Однако на следующий день, как будто малодушия собственного устыдясь, как будто желая примерно наказать за предательство, москвичи закатывали двенадцать, а то, чего доброго, и четырнадцать безответных шайб, и в такие горькие для всего города вечера публика начинала потихоньку расходиться еще задолго до окончания матча — обычно после того, как вошедшие в раж гости заколачивали десятую.
В эти дни нависла над погрустневшим «Сталеплавильщиком» еще одна грозовая туча. Мало того, что москвичи нас под монастырь подвели — по нашим косточкам твердо решили пройти в высшую лигу наши соседи, сибиряки.
Был у нас прекрасный защитник Коля Елфимов. В девятнадцать лет рост — сто восемьдесят, вес — девяносто, а главное — скорость, какой нет и у иного нападающего. Коля учился в техникуме, и по всем законам была ему дана отсрочка от армии, да что ты будешь делать, если командующий военным округом не только ярый болельщик, но и сам спортсмен, мастер по лыжам, в кроссах до сих пор с солдатами рядом бегает, и если теперь он — кровь из носа — решил собрать классную команду. Нашли они там какой-то хитрый параграф, и приехал из штаба округа подполковник — за нашем Колей.
Это ли не честь для простого защитника, еще не ставшего мастером спорта? Да нам-то от этого не легче.
И так уговаривали подполковника, и этак — хоть бы что. Единственное, на что он в конце концов согласился, — лишний денек пробыть в Сталегорске, чтобы Коля последний раз сыграл в родном городе.

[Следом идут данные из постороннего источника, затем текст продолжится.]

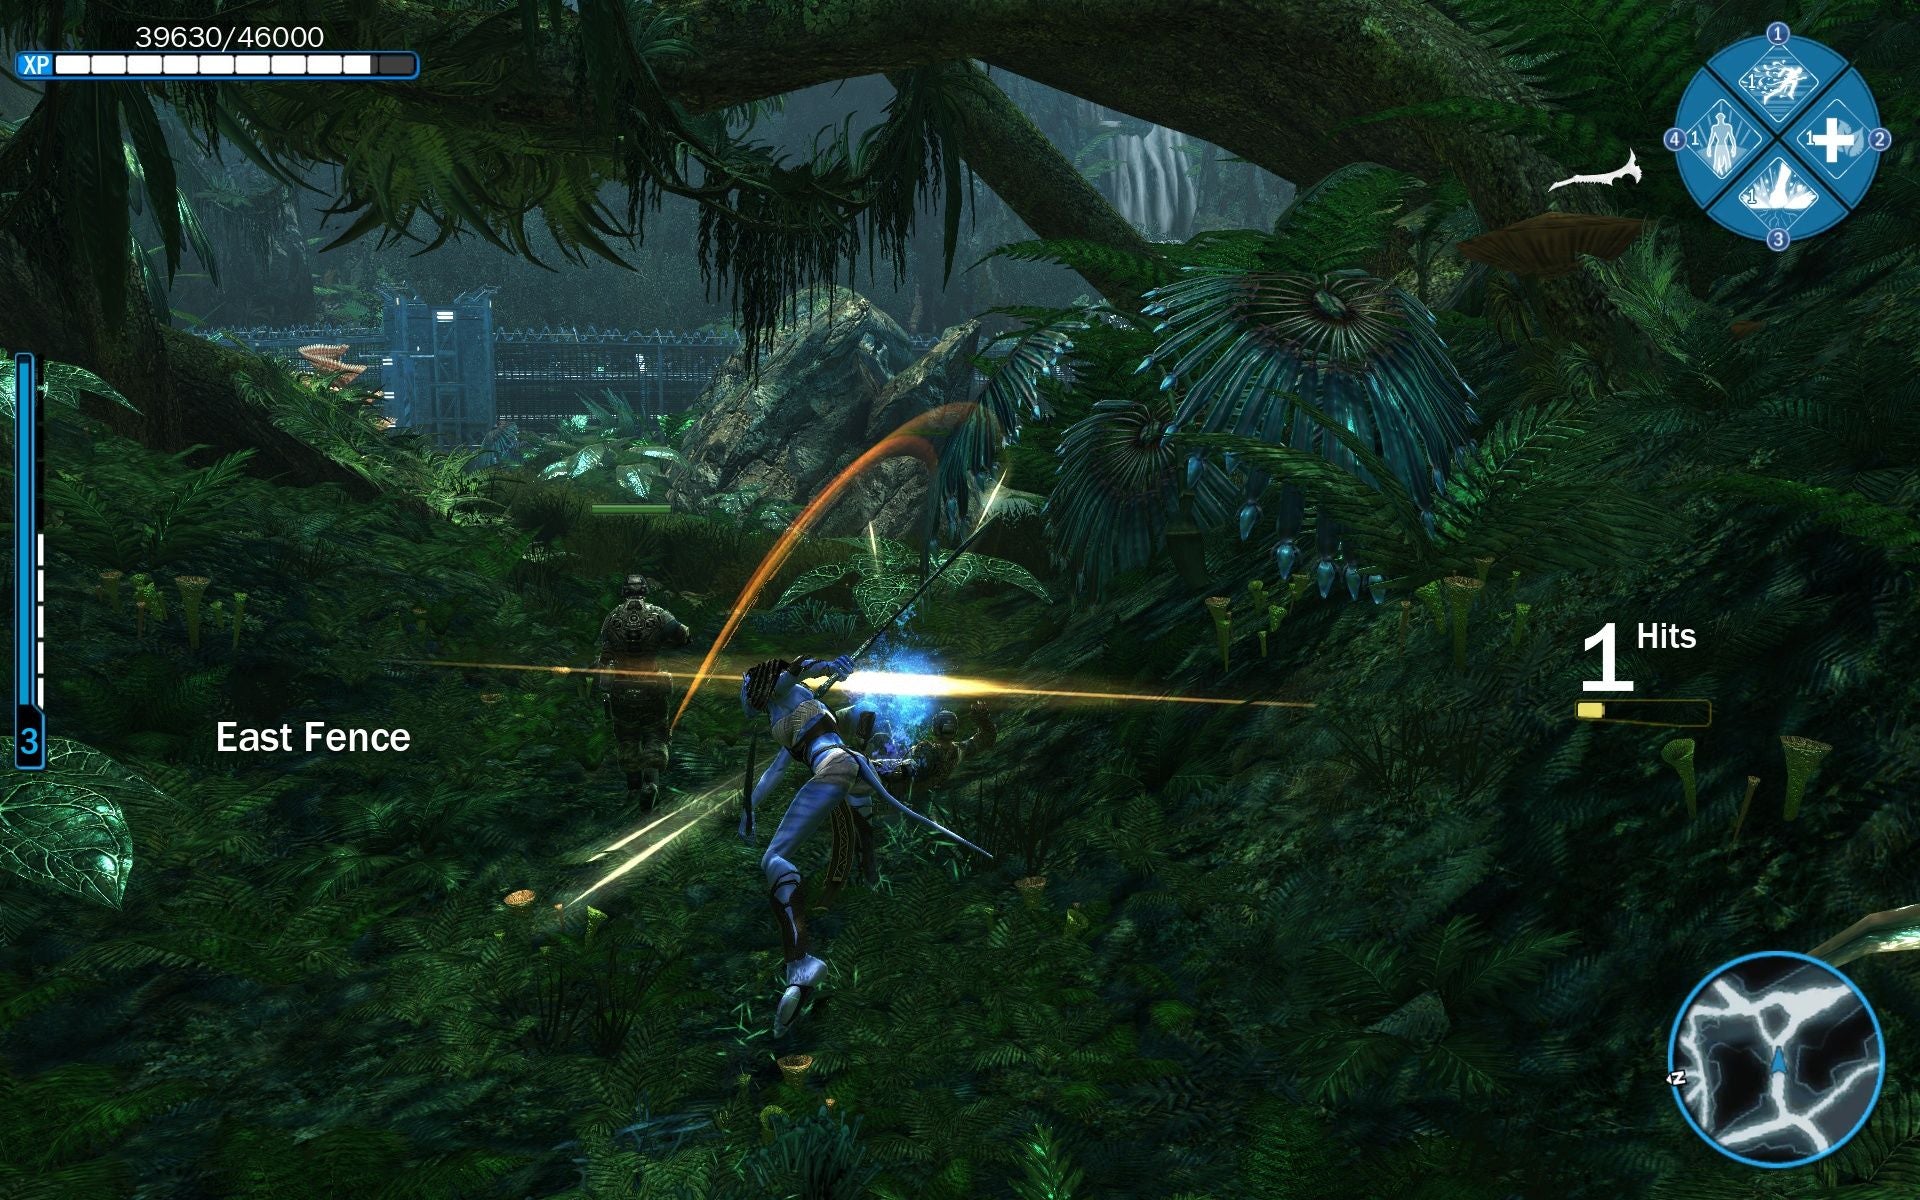 Màn hình tải trò chơi James Cameron\'s Avatar sẽ khiến bạn cảm thấy hồi hộp khi chờ đợi trò chơi sẵn sàng chơi thôi! Đừng bỏ lỡ phần nào của cuộc phiêu lưu tuyệt vời tại Pandora nhé!

И это была его, подполковника, роковая ошибка… Хотя кто мог знать, что так получится?
Мне в тот день позвонил мой друг-медик: «Будешь сегодня вечером?».
А среди болельщиков уже стало хорошим тоном отвечать теперь на такой вопрос не сразу. Ведь знаешь же, что не утерпишь, прибежишь как миленький, куда денешься, но вот непременно надо помяться, повздыхать: а чего, мол, там делать вечером?.. Или будет на что посмотреть?
Конечно, я в тот вечер не сводил глаз с Коли Елфимова. А играл он вдохновенно, умно играл. Да и все остальные болельщики за ним следили, знали, наверное, что он последний матч катается.
Это как-то неожиданно произошло: Коля был без шайбы, стоял себе, выжидал, а тут промчавшийся мимо торпедовец — играли с горьковчанами — задел его плечом, слегка развернул. В это время срикошетила шайба, ударилась Коле в коньки, падая, он задел торпедовца клюшкой, и тогда к нему все и бросились: и горьковчане, и наши — только Порт затрещал.
Ну, свалка, как обычно, свисток, только потом все встают, а Коля лежит, разбросав руки, и головою туда-сюда потихоньку водит…
Стали около него игроки собираться, судья подъехал, наклонился и выпрямился почти тут же, сделал знак уже привставшему со скамейки дежурившему врачу в белом, натянутом поверх овчинного полушубка халате, и тот с чемоданчиком в руке засеменил по льду к противоположному борту.
Видно, он сперва нашатырь нюхать давал, осматривал, ощупывал или что там, только тоже вскоре поднялся с корточек, помахал рукой санитарам. Все шеи повыкручивали, провожая глазами лежавшего на носилках молодого защитника.
Тут же, как только вынесли Колю из «коробочки», появился около носилок подполковник, но Коля, говорят, даже взглядом на него не повел.
На следующий день утром я позвонил своему другу-медику, спросил: «Ну, что там с Колей стряслось?»
А он только вздохнул: «Плохо. Нашему Елфимычу ключицу сломали и два ребра… Не успел, говорит, мобилизоваться».